The suicides of two young women due to poverty shocked the Iranian society on the anniversary of the 1979 anti-monarchic revolution.
A young woman by the name of Sooma Salavati hanged herself at home on Monday, February 11, 2019, in the city of Sanandaj where she lived with her parents.
On Sunday, February 10, 2019, Zahra Rahmati, a young mother of two, committed suicide after killing her two sons, Alireza, 6, and Abbas, 3.
The unfortunate incident took place in Chaghan-Ali village in Kermanshah Province, western Iran. The destitute and impoverished mother first hanged her two sons and then took her own life.
Earlier on Monday, January 7, 2019, another woman, threw herself from the Zarqan Bridge at the Shiraz-Marvdasht highway and ended her own life due to poverty and inability to earn living and solve her economic problems.
According to the annual statistics released by the Journal of Forensic and Legal Medicine in September 2018, in Iran, women’s suicide rates in 2017 alone were more than 1,365 people, at least 4 women per day.
Officials and experts in the regime have repeatedly acknowledged that suicide rates in Iran are not fully reported and announced, and the statistics reported by government authorities should be considered as a minimum.
According to a social pathologist, last year, woman’s suicide rate in Iran increased by 66 percent during a five-year period. (The state-run Khabar Online – November 3, 2017)

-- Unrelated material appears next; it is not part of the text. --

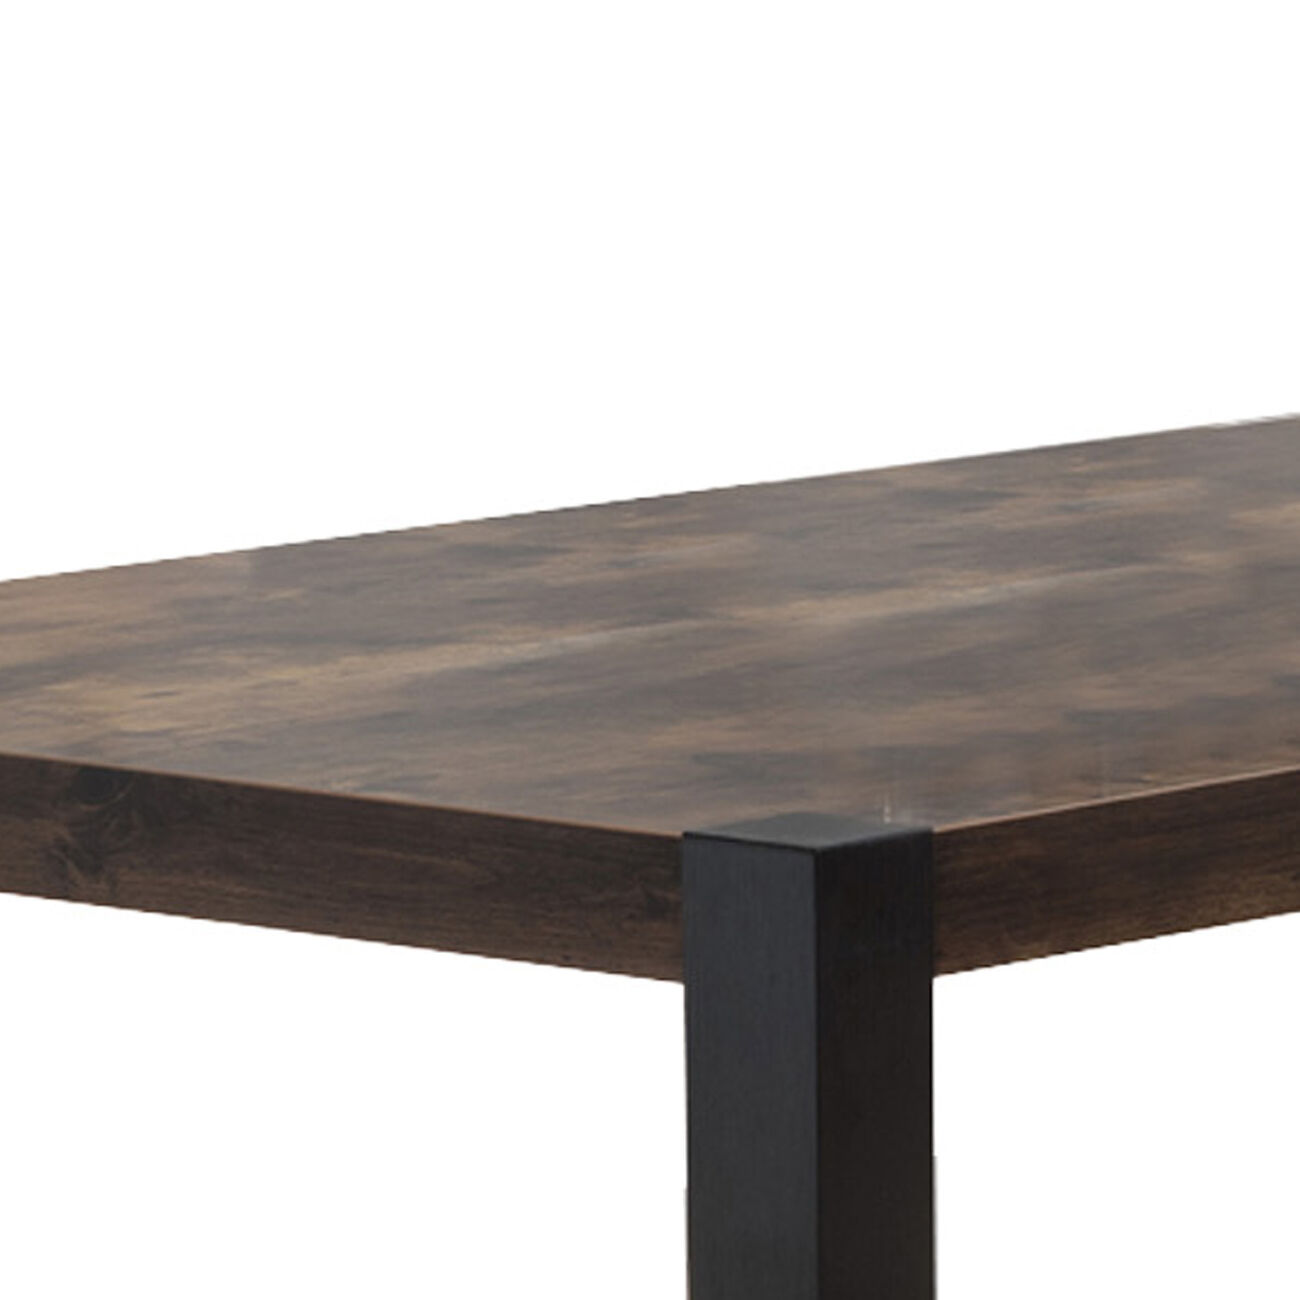 Wooden Dining Table with Straight Legs, Distressed Brown and Black

The Iranian Coroner’s Office announced that more than 7% of annual suicides in Iran are committed by adolescents.
The upward trend in the suicides of women indicates the excessive pressures on women and girls in Iran. Psychologists and sociologists consider hopelessness, depression, anxiety and sense of insecurity accompanied by a feeling of humiliation as the main reason leading women and girls to physically eliminate themselves.
Women’s rate of suicide is the highest among Middle East countries.